Software to compare PDF files
- Durum: Closed
- Ödül: $600
- Alınan Girdiler: 6
- Kazanan: carlquist
This contest is to compare multiple PDF files based on the similarities of bounding boxes. This is not an easy contest and will require understanding of PDF libraries.
There are many PDF libraries available and it is not important which one is used.
Upload multiple PDF files (many).
Converts PDFs to PNGs with bounding box squares
PNG with bounding boxes shown - user selects which bounding boxes are of interest. Can select multiple bounding boxes.
Software then searches ALL the original PDFs - to find which files have the same bounding boxes.
Matches must be based on either:-
1. Approximate co-ordinates of the bounding boxes and the respective page number. Leaving room for 3% error in placement of bounding boxes.
2. Image match the area of the bounding box. It means for each match from (1) that another step must also convert that bounding box to a PNG file and do an image comparison - if almost identical images then it returns as a match.
The end result is the software shows a list of links to download that contain the PNGs\PDFs of the files with ONLY the same bounding boxes.
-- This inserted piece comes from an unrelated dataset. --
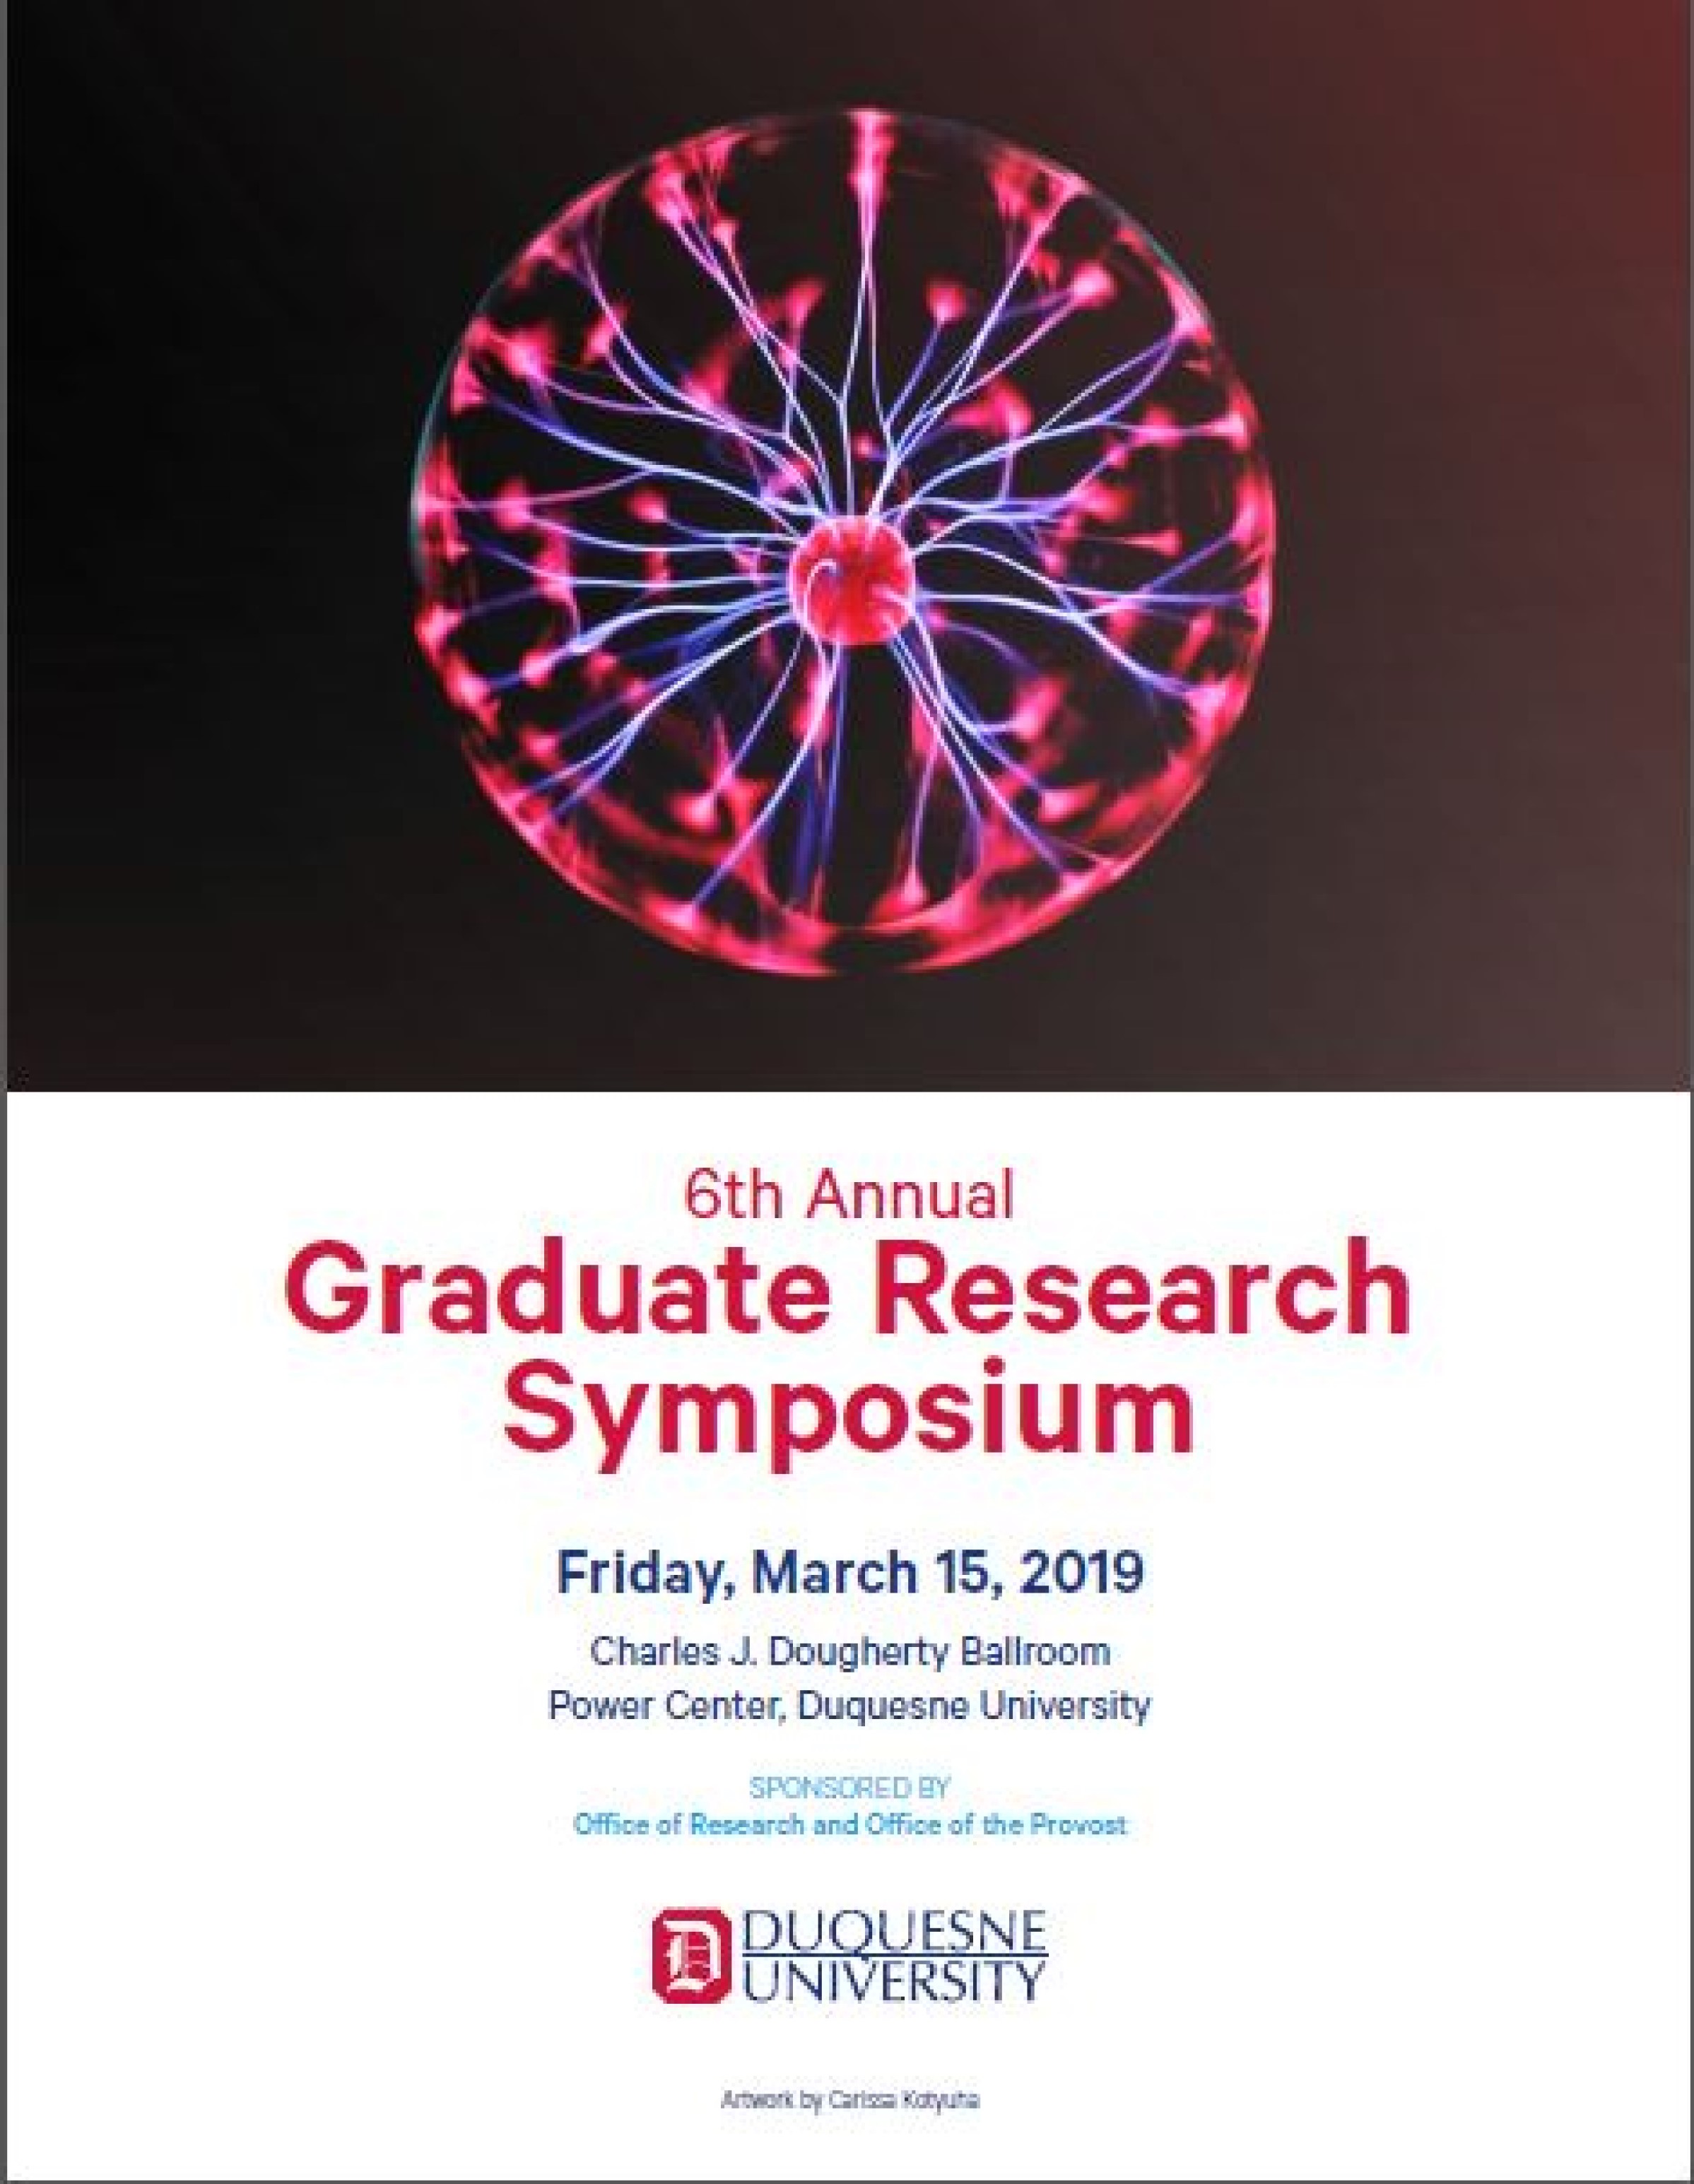 The 6th Annual Graduate Student Research Symposium

The winner will be asked to add a module to:-
-Enable the placement of another PNG image over any PDF image and re-write the PDF image. Many github libraries can do this.
-Put the bounding box through tessarect and do OCR text search in addition to the simple bounding box co-ordinate comparison. This would produce another criteria to match on.
So the winner can earn total $800+ from this Contest through the add on module.
Please serious entries only. I have zero patience so only do this once it is fully working! I suggest you first message me your proposed methodology and I can then confirm your ideas will succeed.
I recommend using [login to view URL] to save time.
Some other ideas would be to convert the bounding boxes to SVG format and use an existing SVG comparison library.